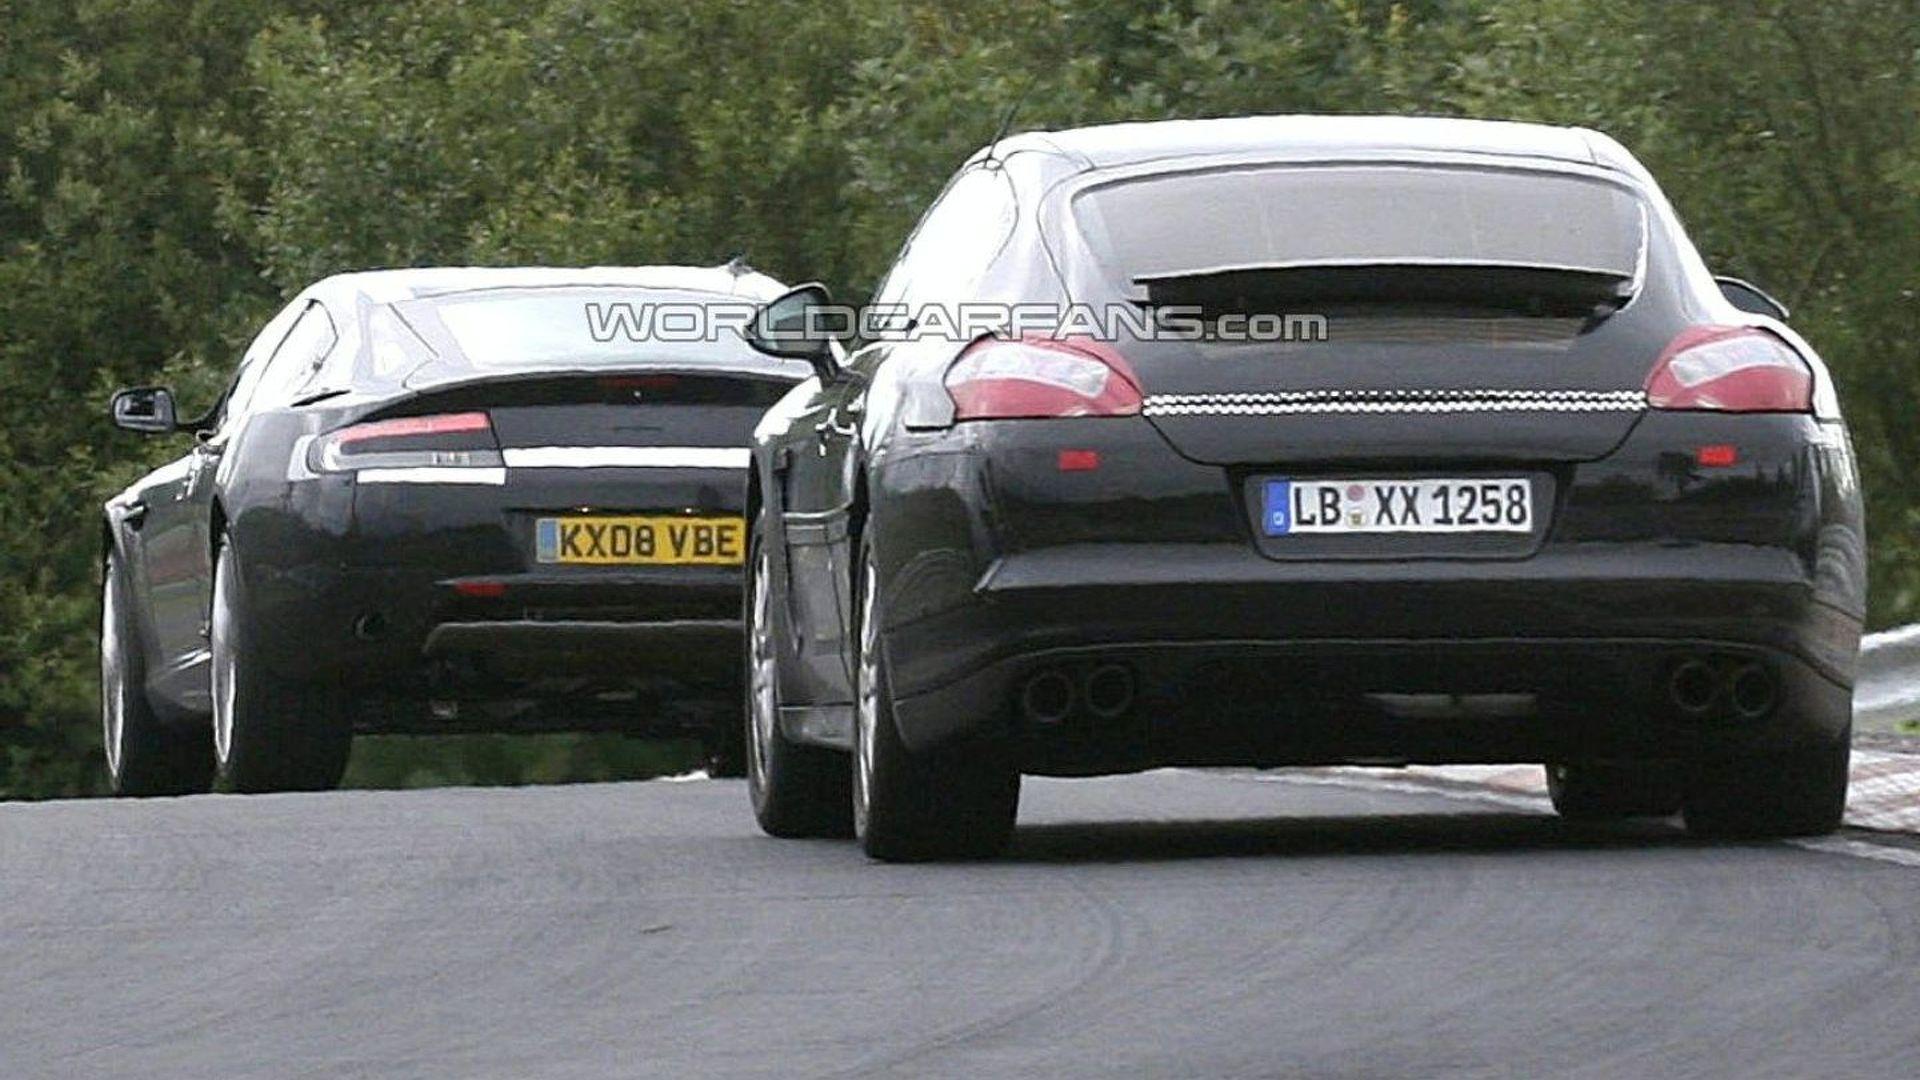 Aston Martin Rapide Vs Porsche Panamera 46316
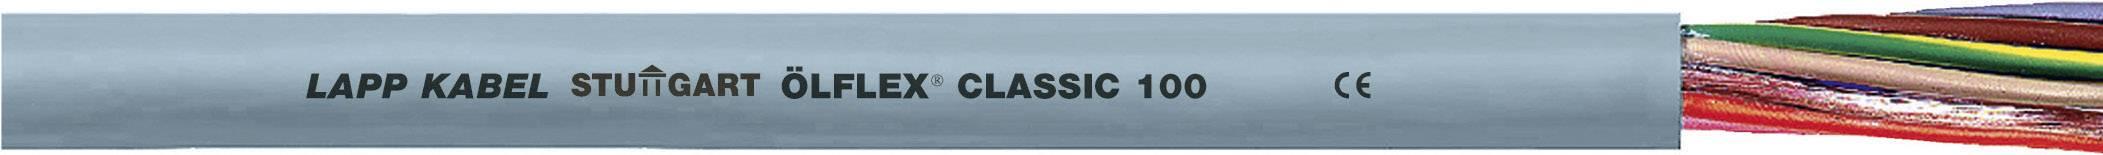 Kabel LappKabel Ölflex CLASSIC 100 12G0,5 (0010008), PVC, 8,9 mm, 500 V, šedá, 100 m
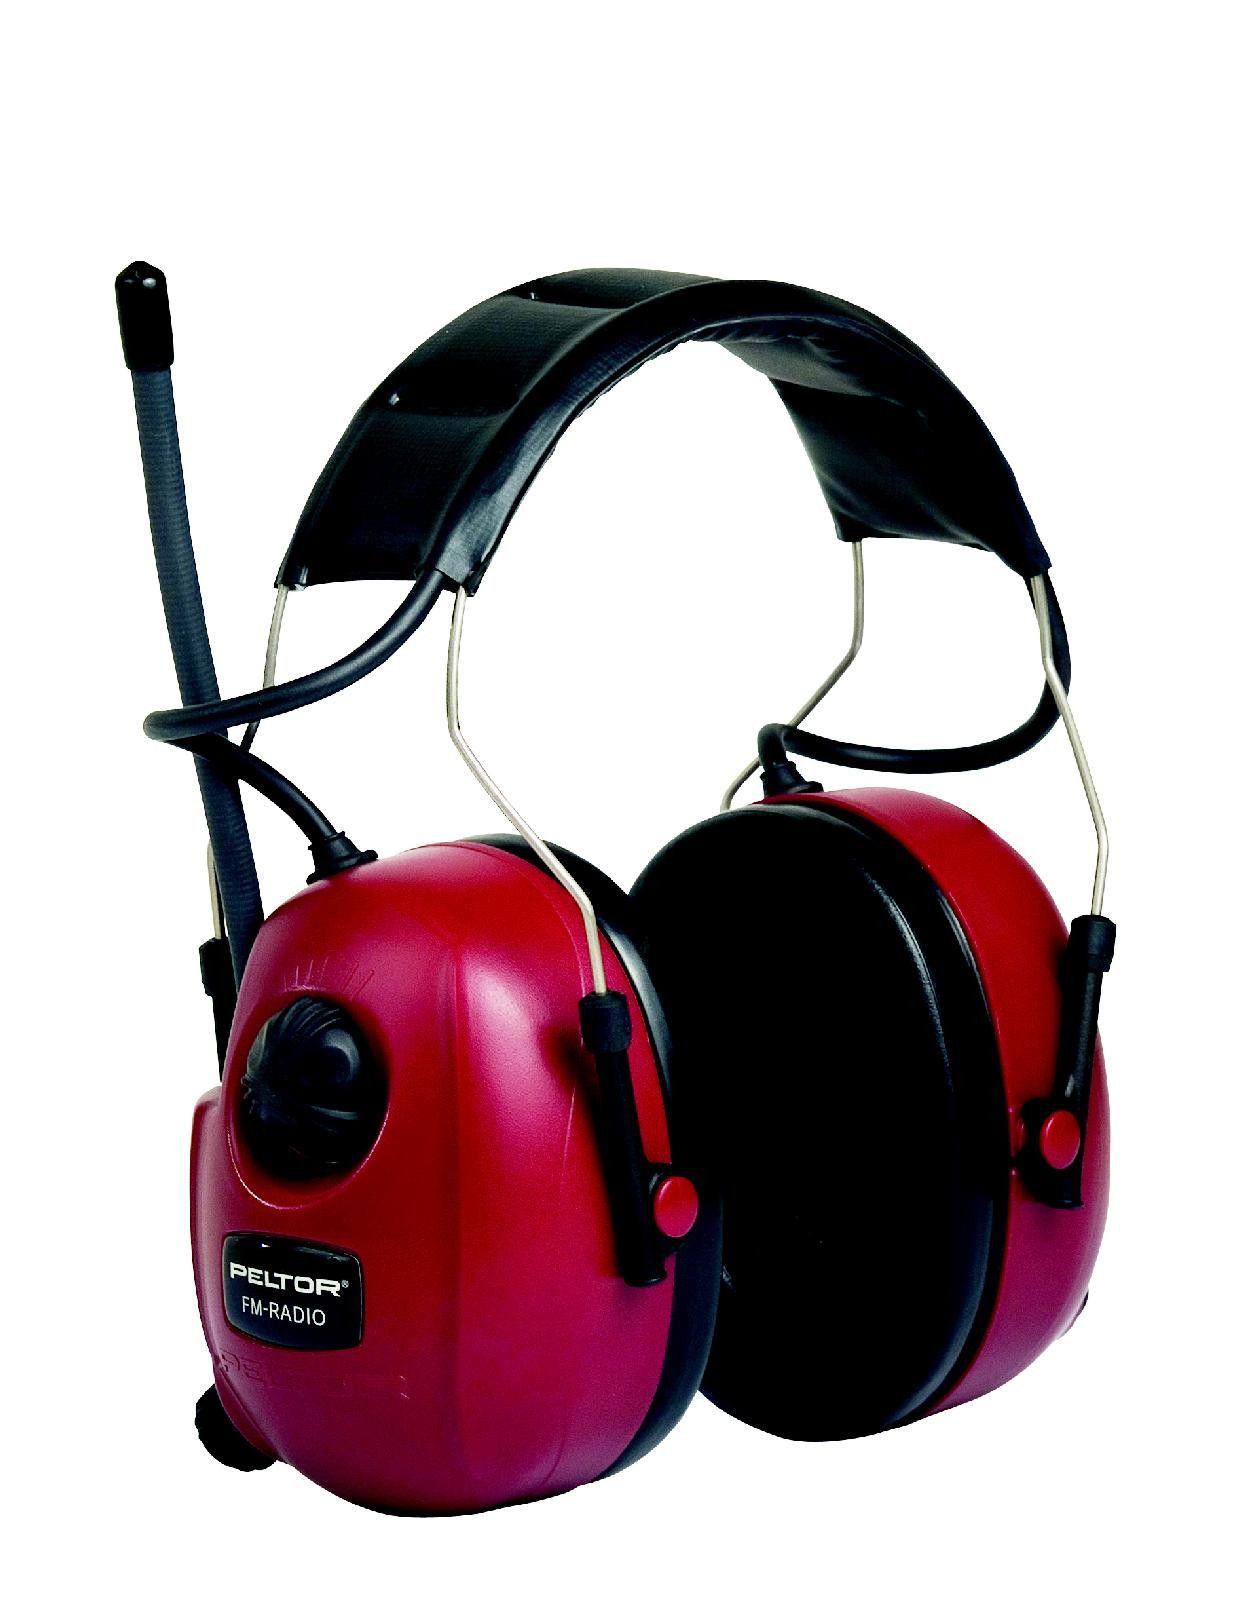 3m Peltor Fm Radio Ear Defenders With Audio Mp3 Input
------------------------------------
▸ Task goal
Would you reproduce the listing above in full and exactly, without its pictures?

▸ Response below
 Aston Martin Rapide Vs Porsche Panamera 46316
 Kabel LappKabel Ölflex CLASSIC 100 12G0,5 (0010008), PVC, 8,9 mm, 500 V, šedá, 100 m
 3m Peltor Fm Radio Ear Defenders With Audio Mp3 Input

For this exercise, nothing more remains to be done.